Spark SQL adds MERGE INTO via Delta/Iceberg, broadcast hints, AQE-driven runtime optimization, no recursive CTEs. Practice in Postgres is portable for ~85 percent of patterns. The Spark-specific syntax (MERGE INTO, /*+ BROADCAST() */, AQE) is tagged on the relevant problems.
What is Structured Streaming and when does it appear in data engineer interviews?

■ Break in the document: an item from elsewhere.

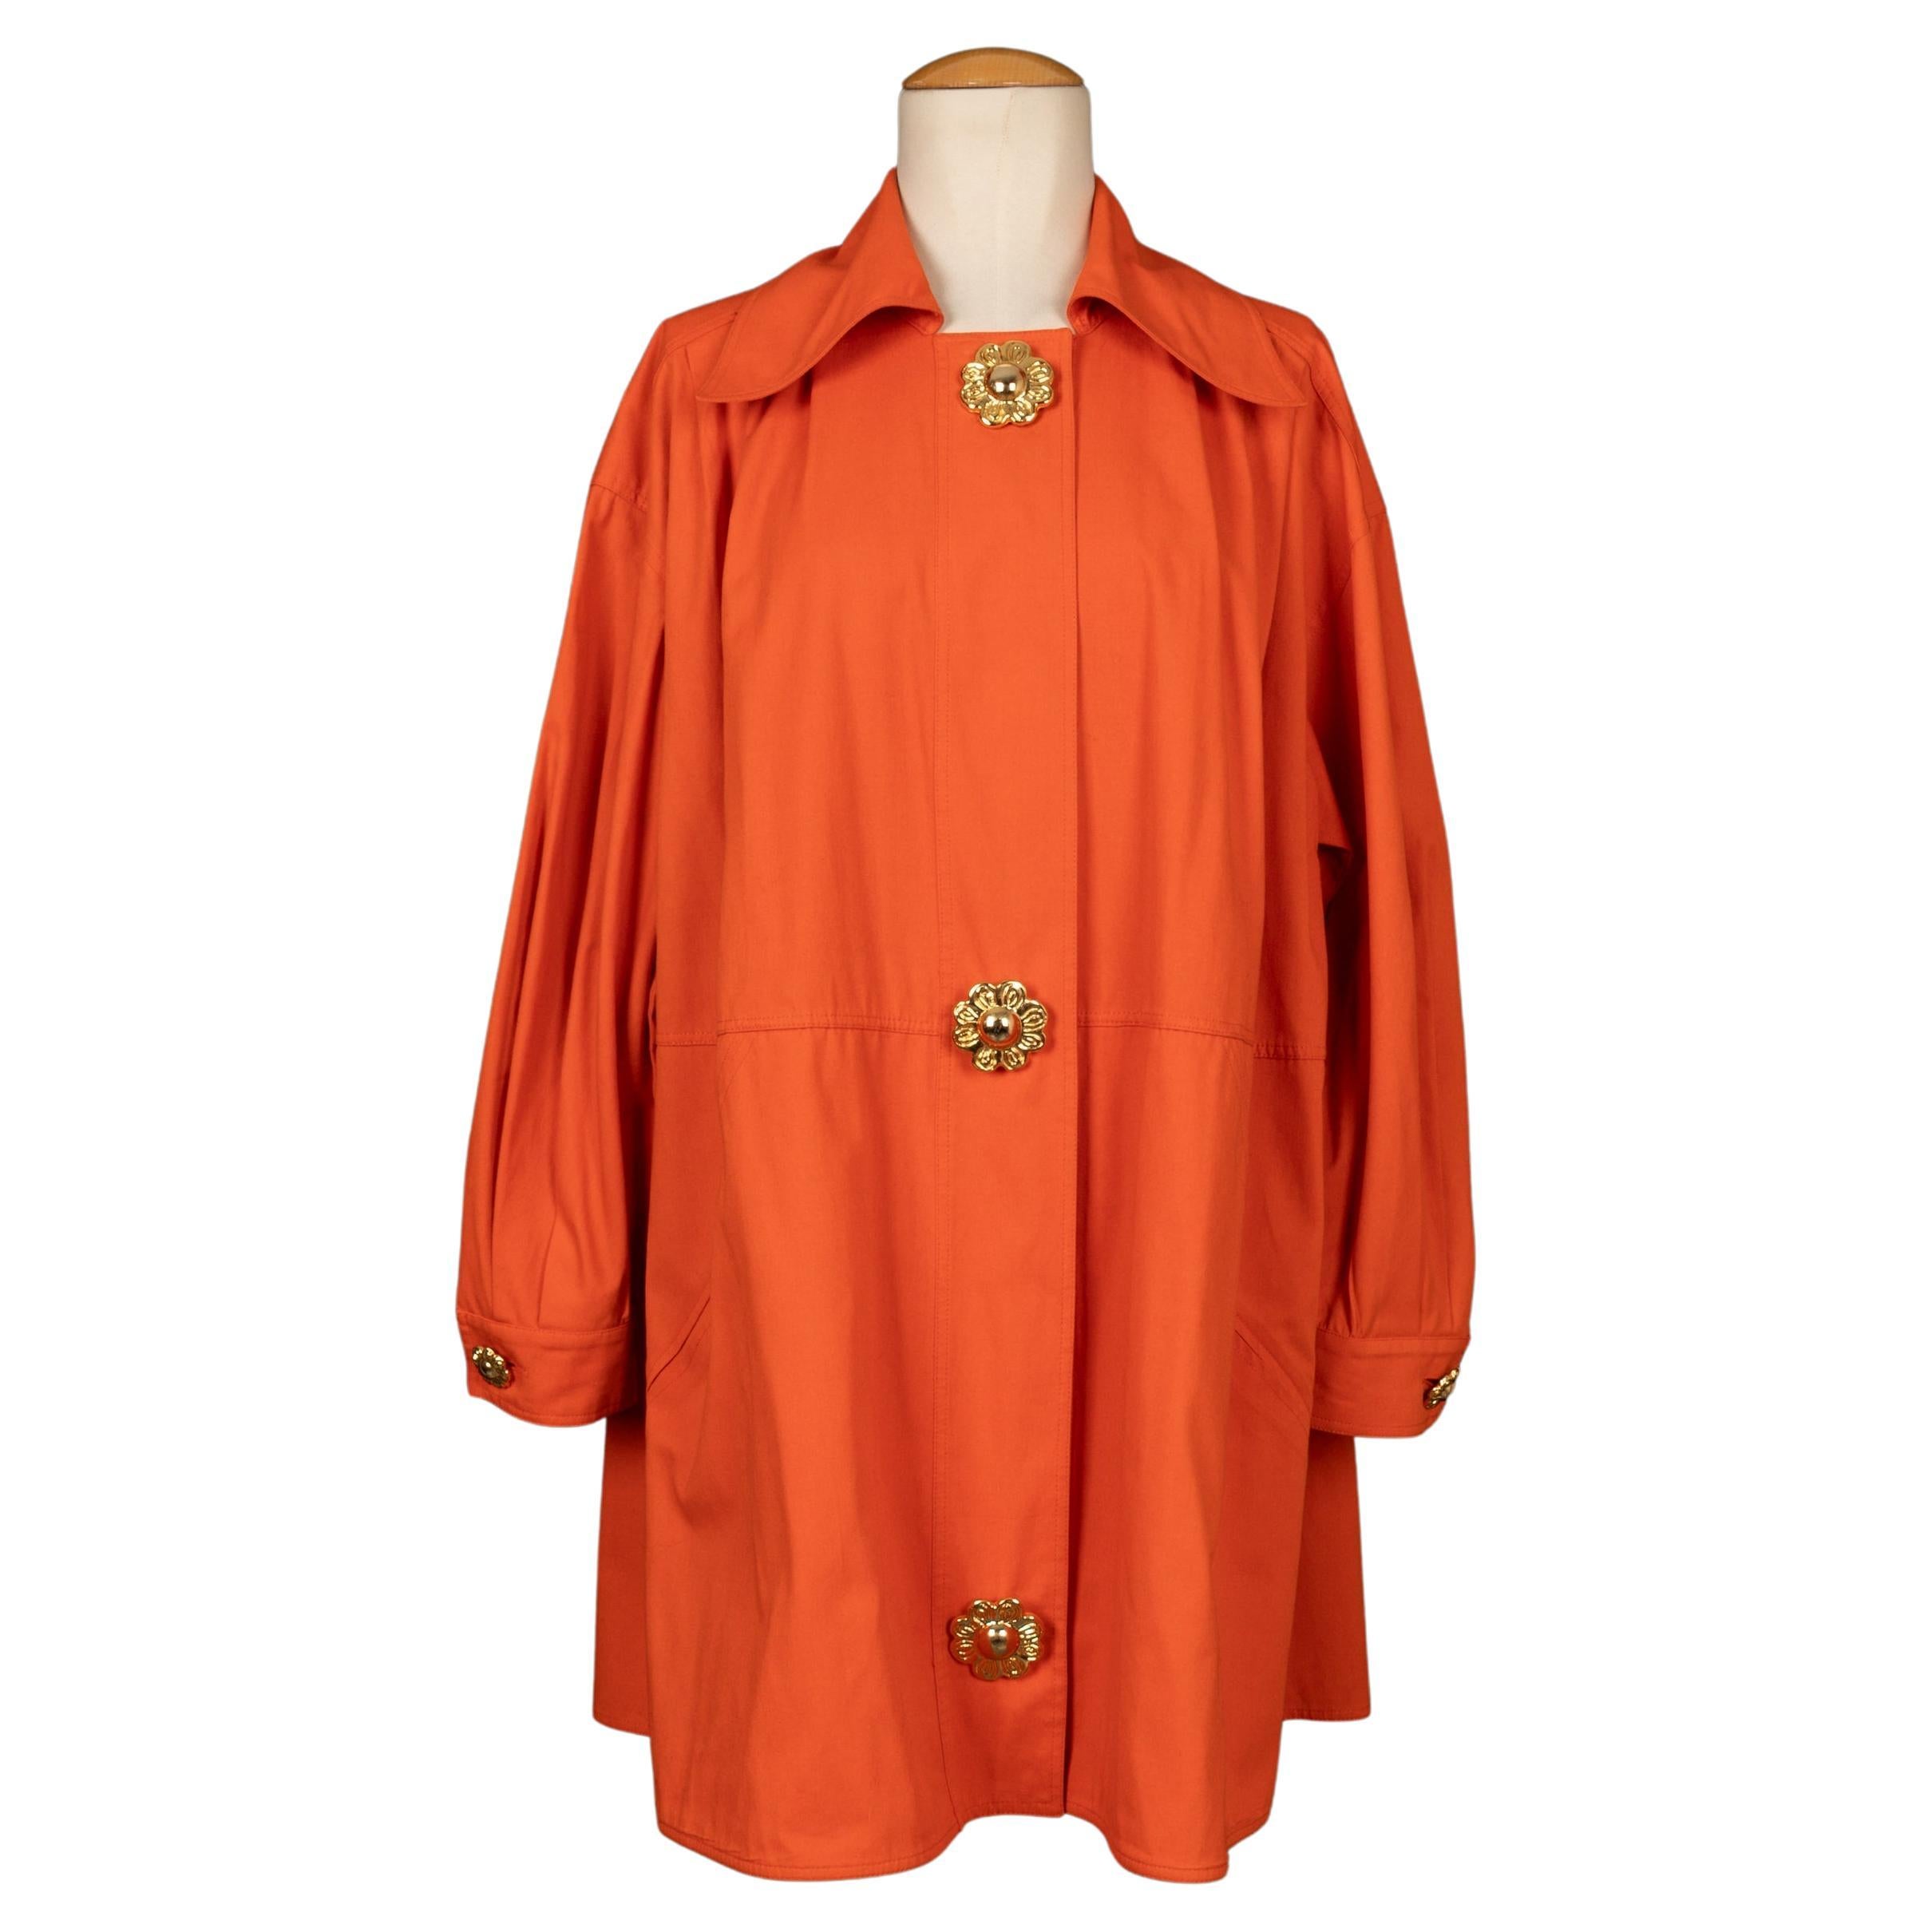 Christian Lacroix Orange Cotton Coat Ornamented with Golden Metal Buttons

Spark's unified API for batch and streaming. Read from Kafka or Delta as source, transform with DataFrame operations, write to sink with checkpoint for fault tolerance. Appears in system design rounds at Spark-first companies. Watermark and allowed lateness configuration are the senior signal.
How does a data engineer answer a Spark optimization question?
Tie each proposed fix to specific evidence from EXPLAIN or Spark UI. SortMergeJoin where BroadcastHashJoin expected: stats stale (ANALYZE TABLE) or threshold too low (raise to 100MB). Skew: salt and rebalance. No PartitionFilters in plan: function in WHERE preventing pruning, rewrite predicate. Evidence-driven, not guess-driven.
Does Spark expertise help in non-Spark-first data engineer interviews?
Yes. Even at non-Spark-first companies (Snowflake-and-BigQuery shops like Stripe, Block, Coinbase), Spark is mentioned in design rounds as the alternative for heavy joins or ML feature pipelines. Demonstrating Spark depth shows engineering range. But the dedicated 45-60 minute PySpark coding round is only at Spark-first companies.